Counting Ten to Fun: 1st Grade Mathematicians Build Their Number and Pattern Fluency
Counting Ten to Fun: 1st Grade Mathematicians Build Their Number and Pattern Fluency

Counting Ten to Fun: 1st Grade Mathematicians Build Their Number and Pattern Fluency

“I disagree. I counted by tens then by ones and got 48.”

“I disagree because I counted by tens and saw it wasn’t 50. So then it was two less and that’s 48!”

1st Grade Mathematicians are deep in a unit to expand their understanding of place value, and to flex the counting and arithmetic skills they have been developing all year. As they build, count by ones and tens, group, write number sentences and decompose numbers to represent them in more than one way, students develop fluency with the concept that two digit numbers, up to 99, show an amount of tens and ones.
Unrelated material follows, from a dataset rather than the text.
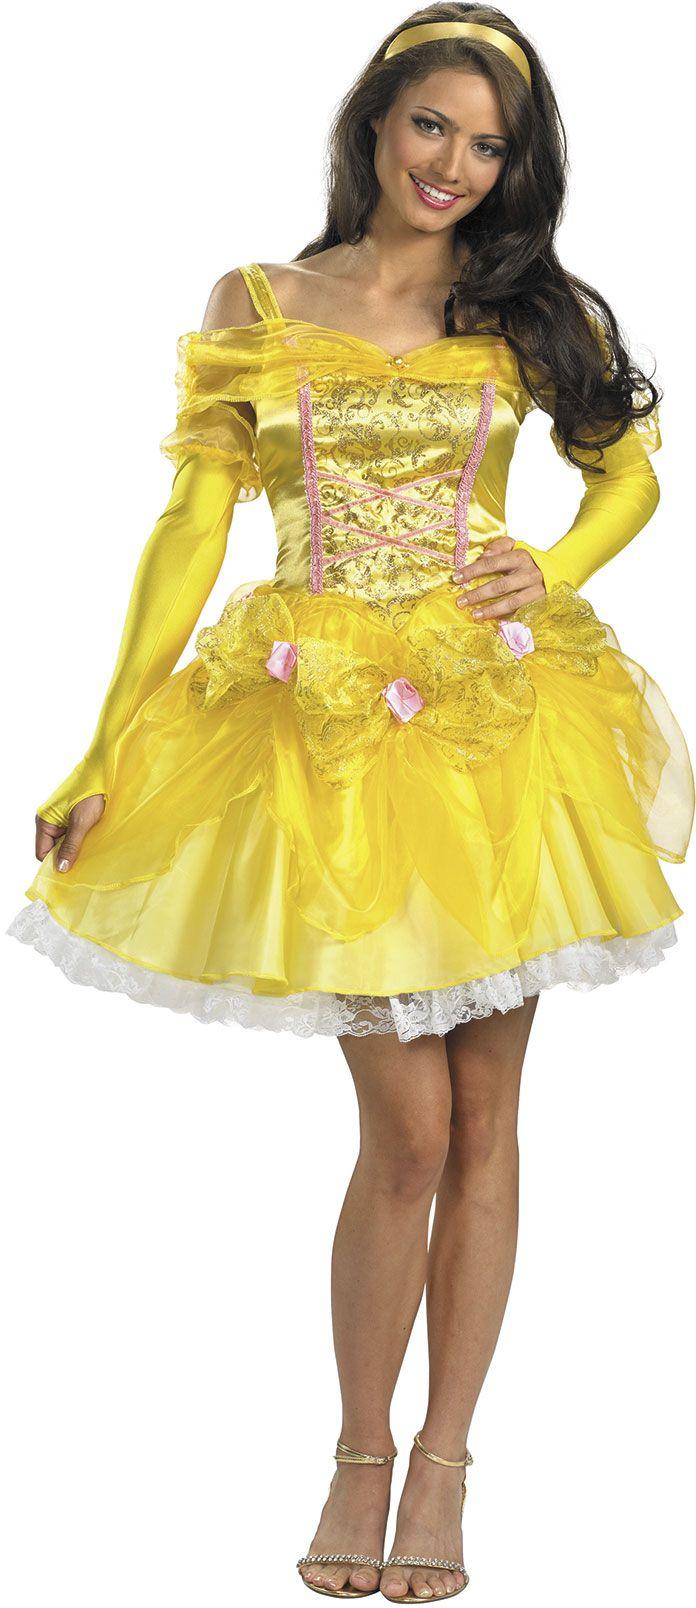 Belle Sassy Costume Beauty U0026 The Beast   Fairy Tale Costumes At Escapade™ UK    Escapade Fancy Dress On Twitter: @Escapade_UK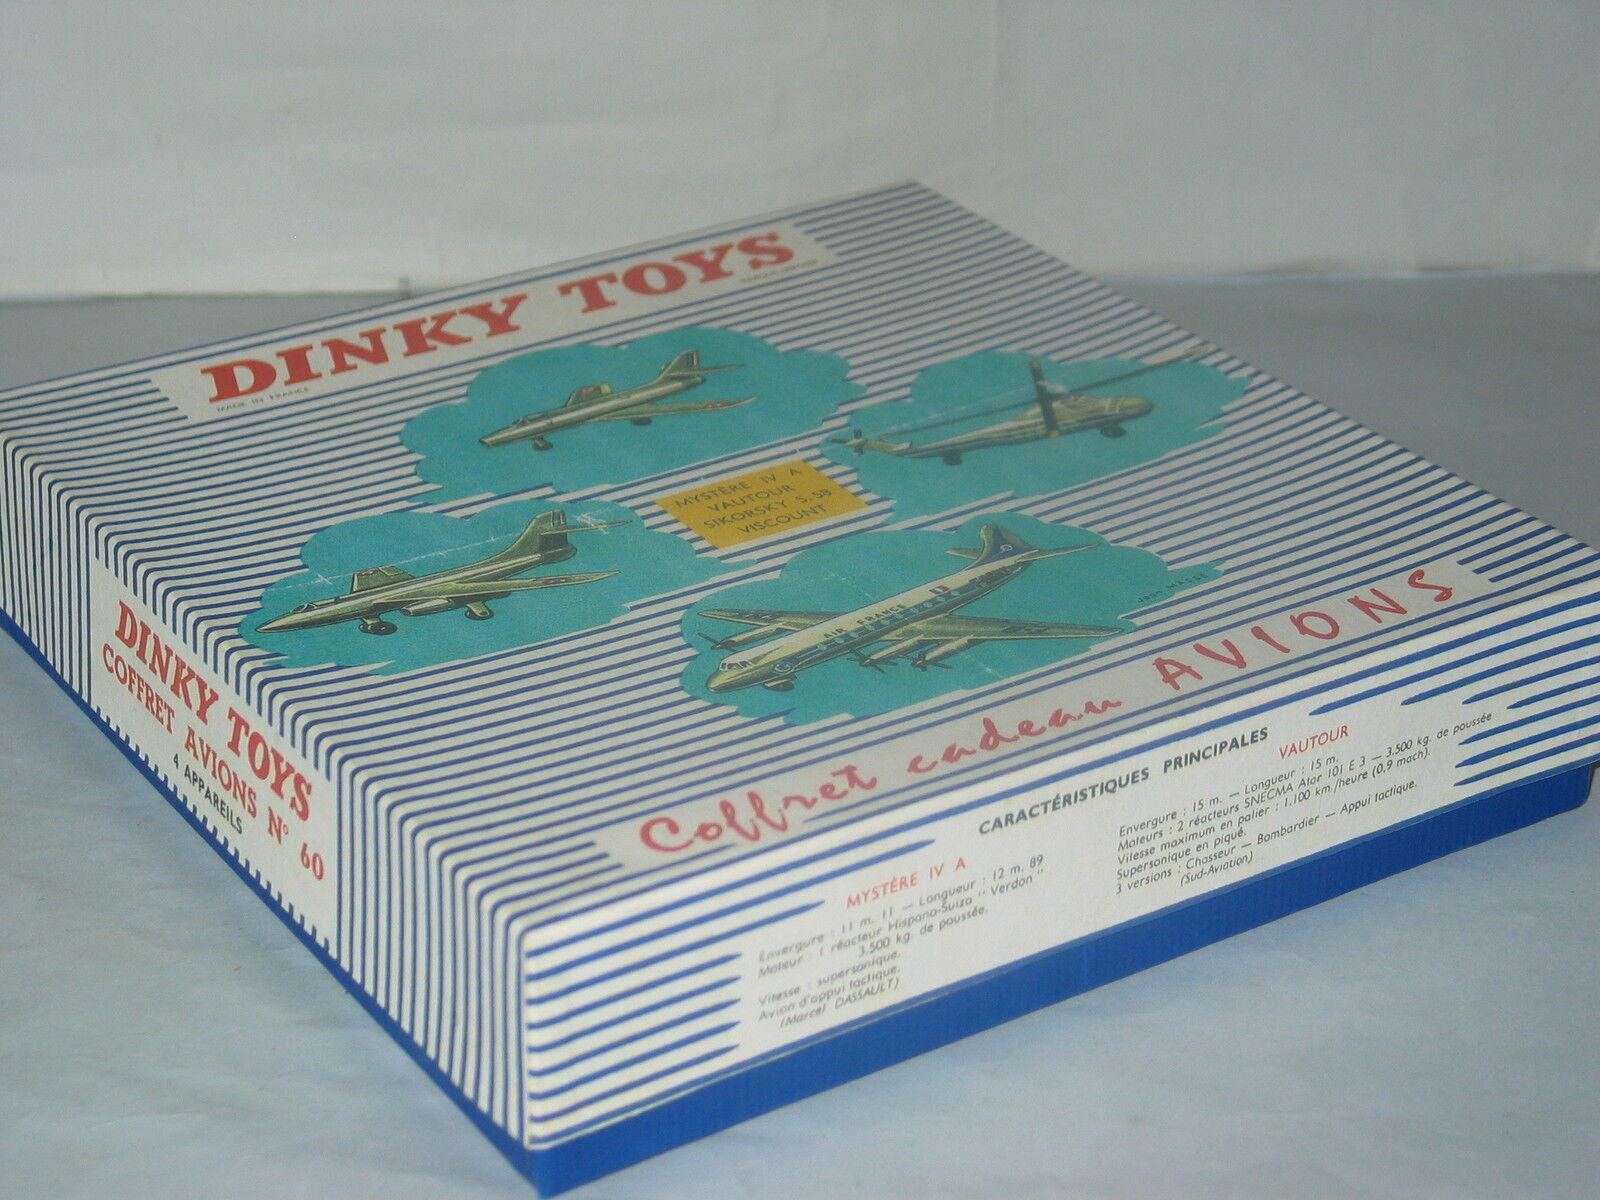 (Boite Copie Dinky Toys) 60 Coffret avions

In 1st Grade all year students do much of their math learning in three or four differentiated small groups, combining students across the two cohorts for math learning at their “just right” challenge level on the same curricular focus.

I disagree because I counted by tens and saw it wasn’t 50. So then it was two less and that’s 48!

On Thursday, students in one room were using manipulatives to compare their findings to a character in their math book, agreeing or disagreeing with his counts and providing evidence. In the next room, students were documenting different ways to count large collections of objects, organizing the objects into groups of tens and then some ones and discussing and documenting their work. In the third room, students answered “pattern detective” problems, looking for an arithmetic pattern in a sequence of two-digit numbers then filling in missing numbers. They analyzed the various patterns by discussing which was most different from the others and why. Then they did an activity to show how two-digit numbers can be made up of more than one combination of tens and ones. For example, how many combinations of tens and ones can you use to make 58? Students each worked with their own numbers and compared strategies, like, how could you know that you’ve come up with all the ways to make 58 with tens and ones?